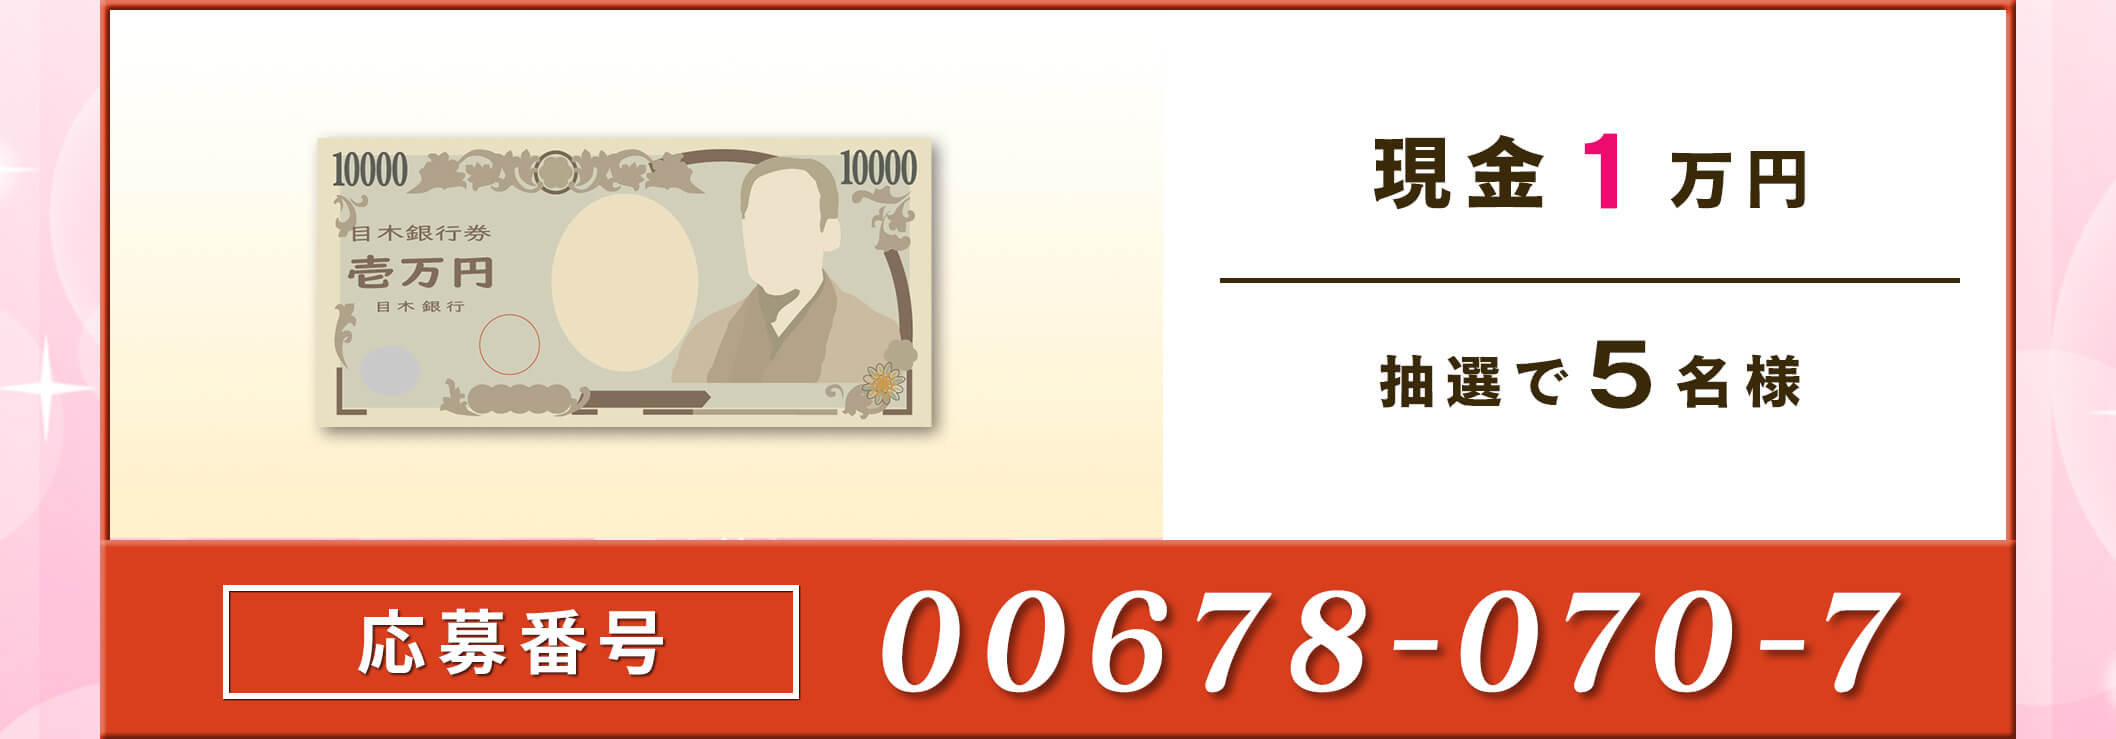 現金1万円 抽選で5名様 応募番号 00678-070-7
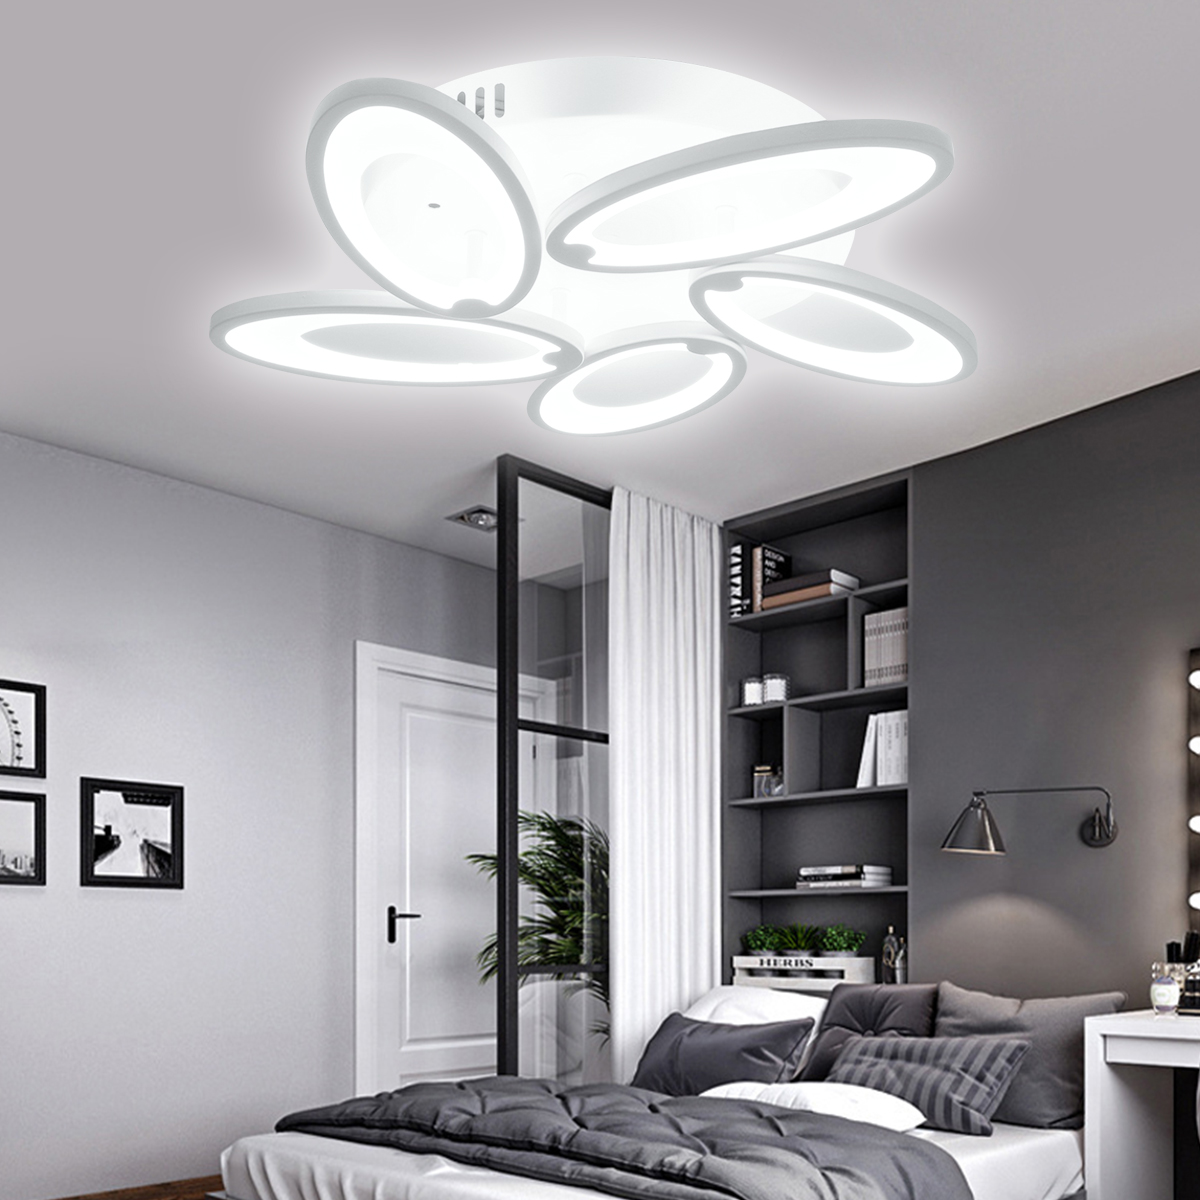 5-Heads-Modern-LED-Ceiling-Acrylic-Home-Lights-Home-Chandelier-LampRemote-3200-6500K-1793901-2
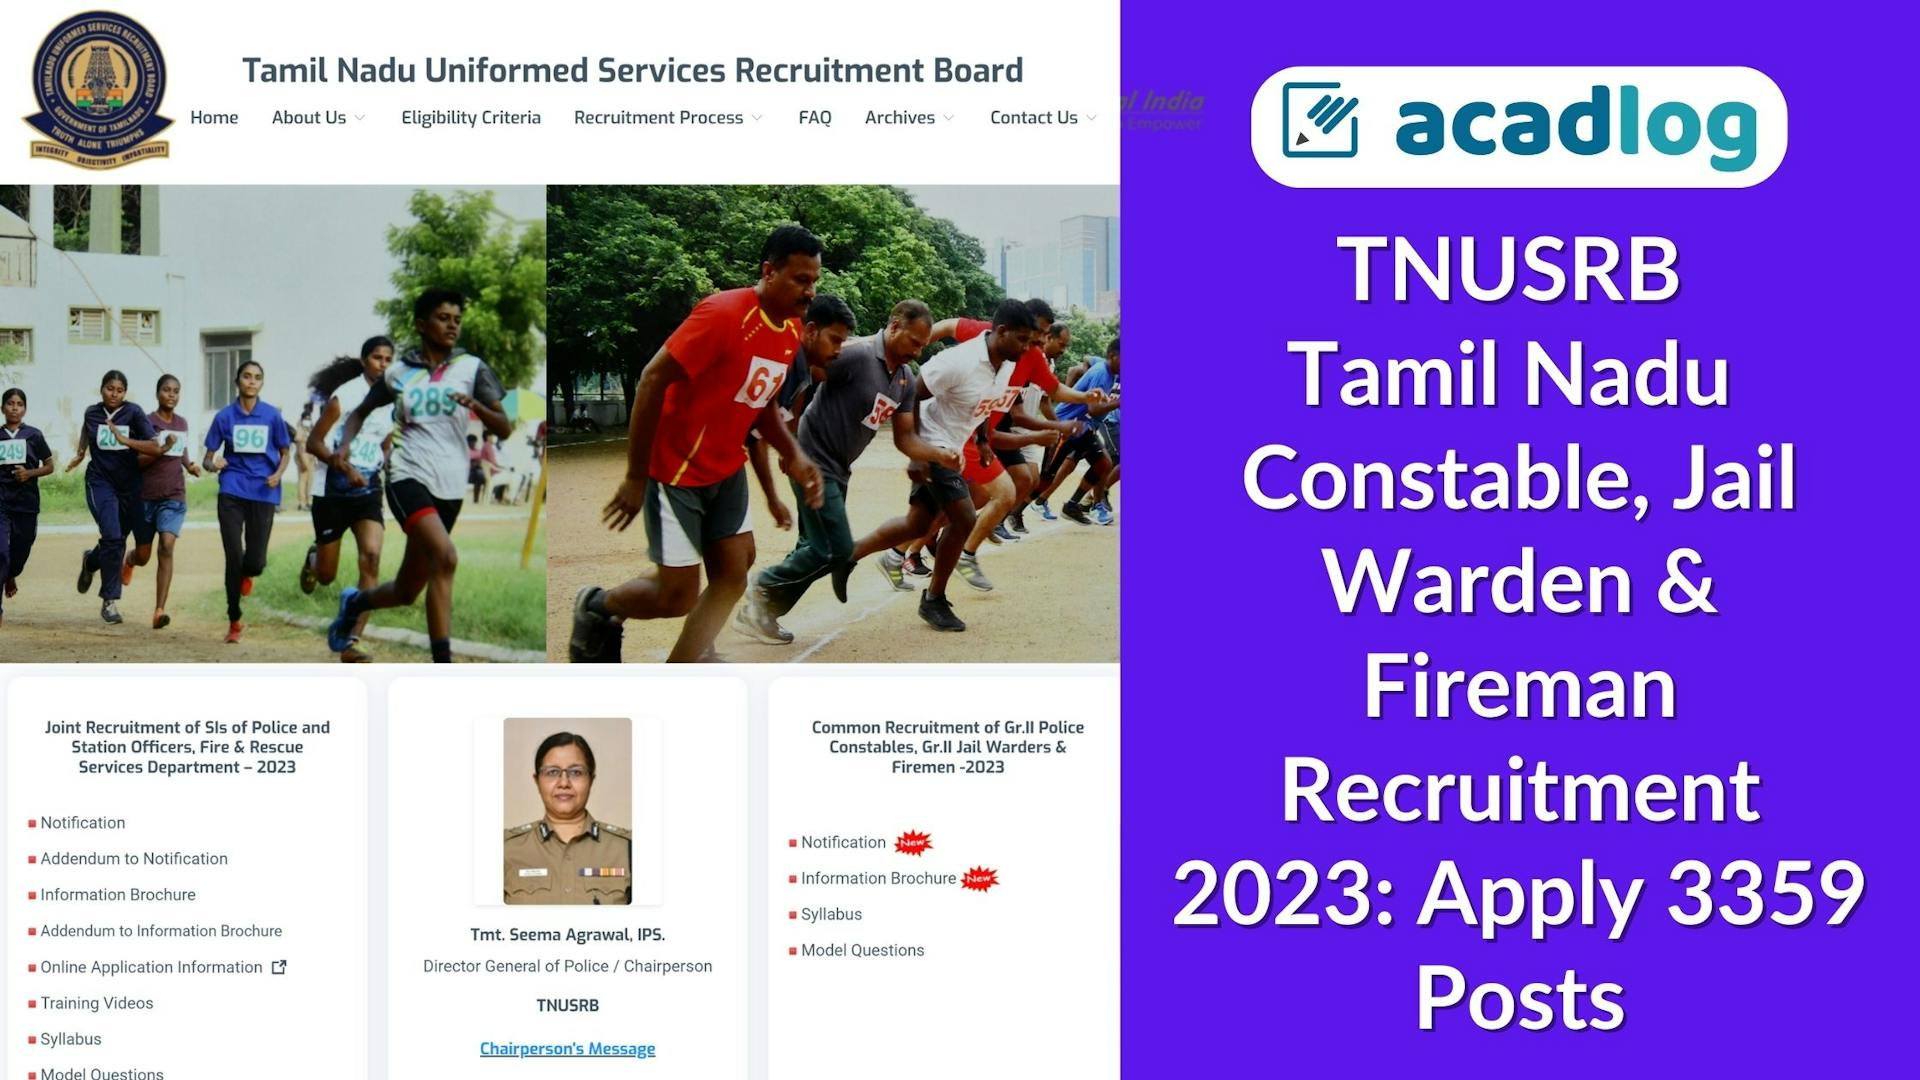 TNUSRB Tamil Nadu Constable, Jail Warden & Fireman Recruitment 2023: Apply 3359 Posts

Task item = Output all of the data exactly as it stands, minus any images.

Problem solution =
 現金1万円 抽選で5名様 応募番号 00678-070-7
 5-Heads-Modern-LED-Ceiling-Acrylic-Home-Lights-Home-Chandelier-LampRemote-3200-6500K-1793901-2
 TNUSRB Tamil Nadu Constable, Jail Warden & Fireman Recruitment 2023: Apply 3359 Posts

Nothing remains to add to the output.